Description:
Polyvinylidene Fluoride (PVDF) has been used in outdoor decorative films and paints, corrosion resistant equipment, and flame retardant and high temperature electronics insulations since 1964. The unique molecular structure of a carbon backbone with alternating hydrogen and fluorine atoms on the molecular chain leads to a broad range of useful properties both in coating and melt processing applications.

High Melt Strength (HMS) Polyvinylidene Fluoride Kynar® HMS grades have been developed at Arkema Inc. These Kynar® HMS grades exhibit high melt strength and sag resistance during extrusion, making them excellent candidates for processes such as extrusion blow molding, thermoforming and extrusion blown film. These enhanced properties were obtained by the introduction of long chain branching.

The growing interest in engineering resins for blow molding applications is driven by the desire to take advantage of the economics of this process in the fabrication of hollow objects such as bottles, totes, large containers and many other complex shapes that cannot be produced by conventional processes. However, many of the engineering resins were originally developed for injection molding and profile extrusion and have properties such as melt viscosity, melt elasticity, melting point and thermal stability that are tailored to these applications. They are not well suited for processes where high uniaxial and biaxial stretching is involved. While the use of modified screw designs to lower compression ratios and long transition zones help avoid stagnation flows, the key hurdle in blow molding remains the formation of the parison. This is primarily due to excessive sag, that is, the inability of the melt to withstand gravity and blowing forces before and during molding.

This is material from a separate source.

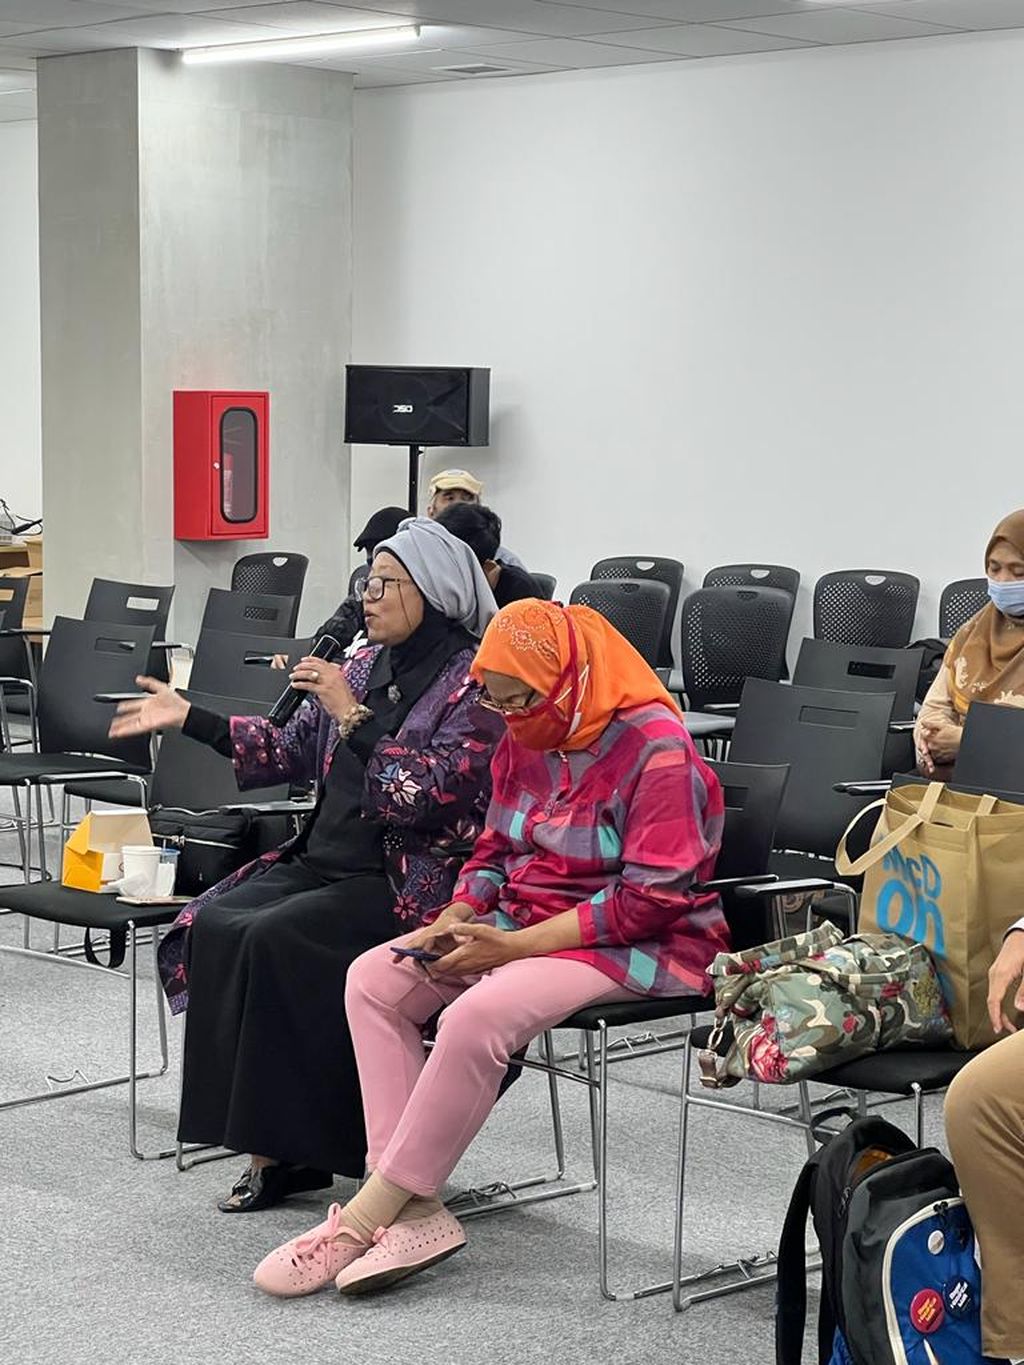 Putri Tabrani, Amie Primarni hadir dan berbicara dalam diskusi Forum Bahasa Media Massa (FBMM) di aula Pusat Dokumentasi Sastra HB Jassin, Taman Ismail Marzuki, Jakarta, Jumat (5/8/2022).

Thermoforming of plastics has long been practiced in industry for the manufacturing of large and complex objects. While previously limited to applications wherein dimensional stability and high tolerances were not required, today’s processes and advanced resin properties allow the fabrication of sophisticated objects with tight tolerances. The property requirements for given resins for thermoforming processes and applications have been clearly identified in industry. Among the key parameters are the rheological properties, which need to be well balanced to meet the process requirements from the sheet formation step to vacuum and stretch forming. Among the critical resin properties are the viscosity control and the melt strength. In particular, high melt strength is recognized as a key factor in this process, and has been shown to allow wider processing windows, higher sag resistance and better product fabrication.